Actually, what I get with TMFLAGS=minimal,abort is this: Recording starting from chrome://dataman/content/dataman.js:649@242 (FragID=000000) trace stopped: 3512: non-stub getter trace stopped: 12975: name() not accessing a valid slot Abort recording of tree chrome://dataman/content/dataman.js:649@242 at chrome://global/content/bindings/tree.xml:0@8: name. (this is with code I already modified somewhat, so what that output say is line 649 is what's 613 in comment #0) What I wonder about is how it comes to calling into tree.xml there...

Reporter

Comment 5

•

14 years ago

I optimized that loop so that it doesn't fall off trace in http://hg.mozilla.org/users/kairo_kairo.at/dataman/rev/f42548e3f20b but I still get the same effect, i.e. selecting a domain in Data Manager being quite slow with JIT (about 3 seconds for most domains in my debug build, I saw one pretty random case that only has one cookie that took 180 ms, all others I tried were 1.5 to 3 seconds) and very fast without JIT (4 to 8 milliseconds!) - I don't see any trace aborts in anything that would loop significantly now (with TMFLAGS=minimal,abort) so I really wonder what's up there.
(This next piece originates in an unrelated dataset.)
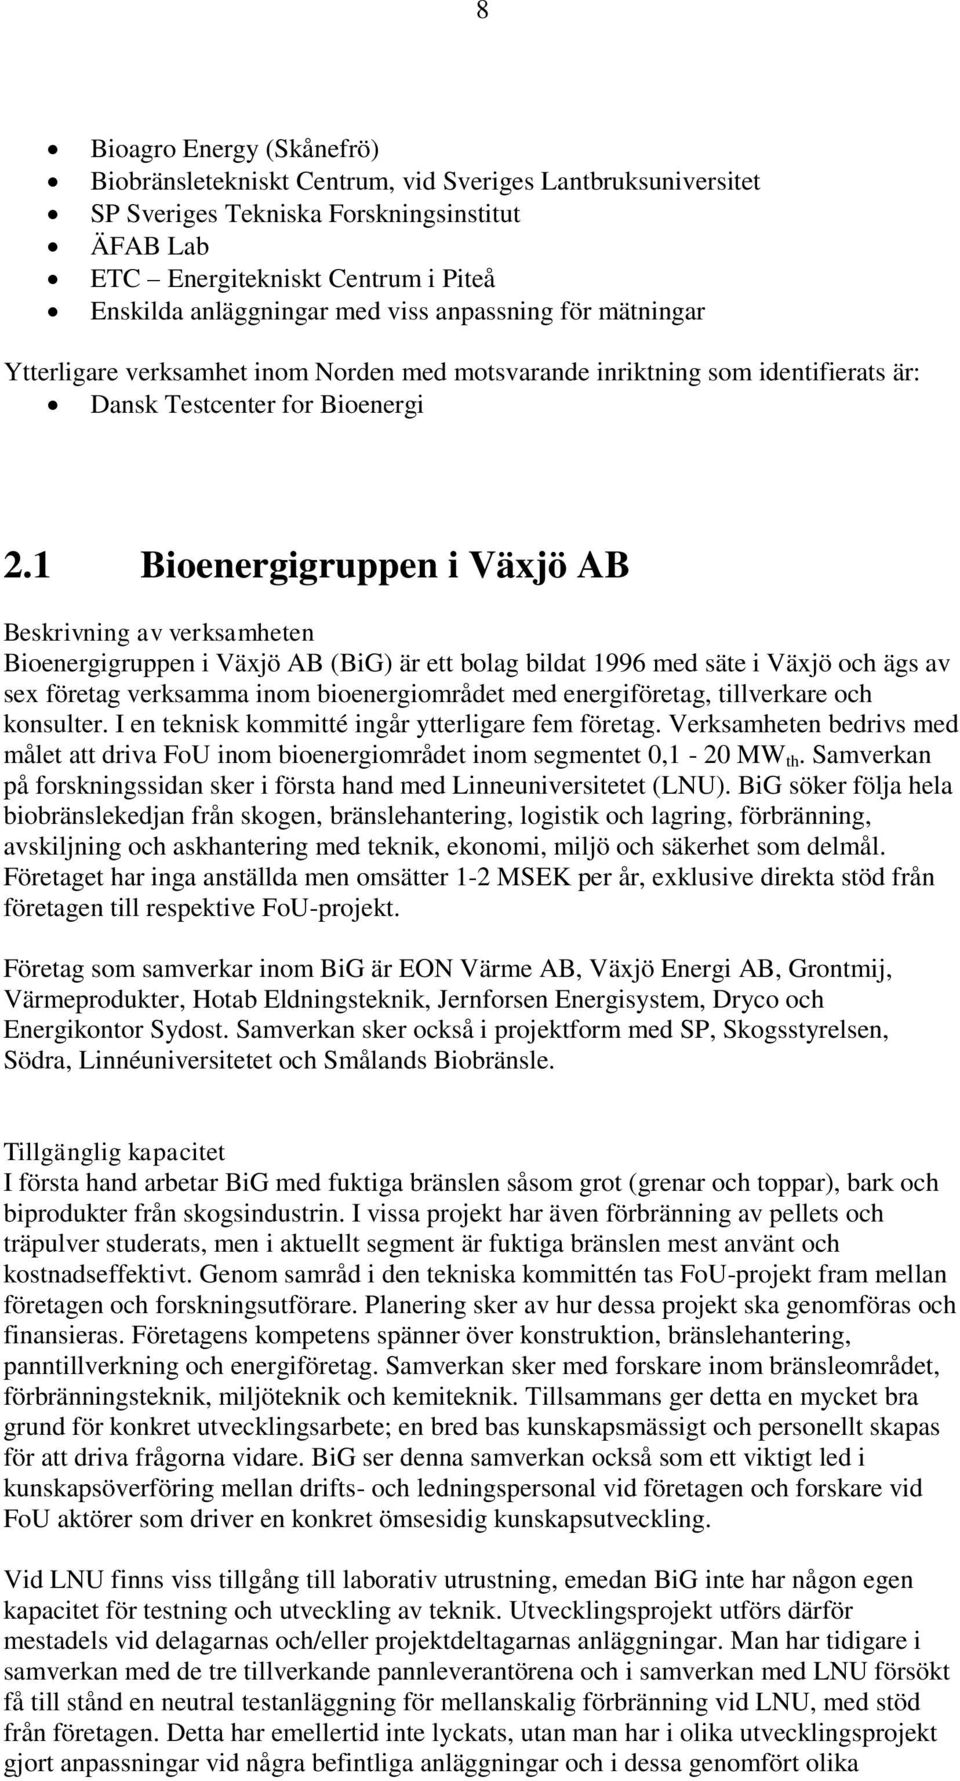 1 Bioenergigruppen i Växjö AB Beskrivning av verksamheten Bioenergigruppen i Växjö AB (BiG) är ett bolag bildat 1996 med säte i Växjö och ägs av sex företag verksamma inom bioenergiområdet med

If you want to try experimenting with this, putting the dataman repository into extensions/dataman and building with --enable-extensions=default,dataman gives it to you as pre-installed add-on, and the version the repo was at in comment #0 is version 0.9 on https://addons.mozilla.org/addon/162068

Comment 6

•

14 years ago

Robert, where are you placing your probes to measure the times you mention in comment 5? Assume I'm at data manager rev f42548e3f20b.

Reporter

Comment 7

•

14 years ago

(In reply to comment #6) > Robert, where are you placing your probes to measure the times you mention in > comment 5? Assume I'm at data manager rev f42548e3f20b. That rev includes the very basic way I took for measuring, just turn the gDatamanDebug var to true at the very beginning of dataman.js and look into error console when selecting different domains. I just watched the differences between "Domain selected" and "Domain select finished", so that's the start of end of domain_select - by very simple |Date.now()/1000| printouts (sorry, I don't know more involved actual profiling tools too well).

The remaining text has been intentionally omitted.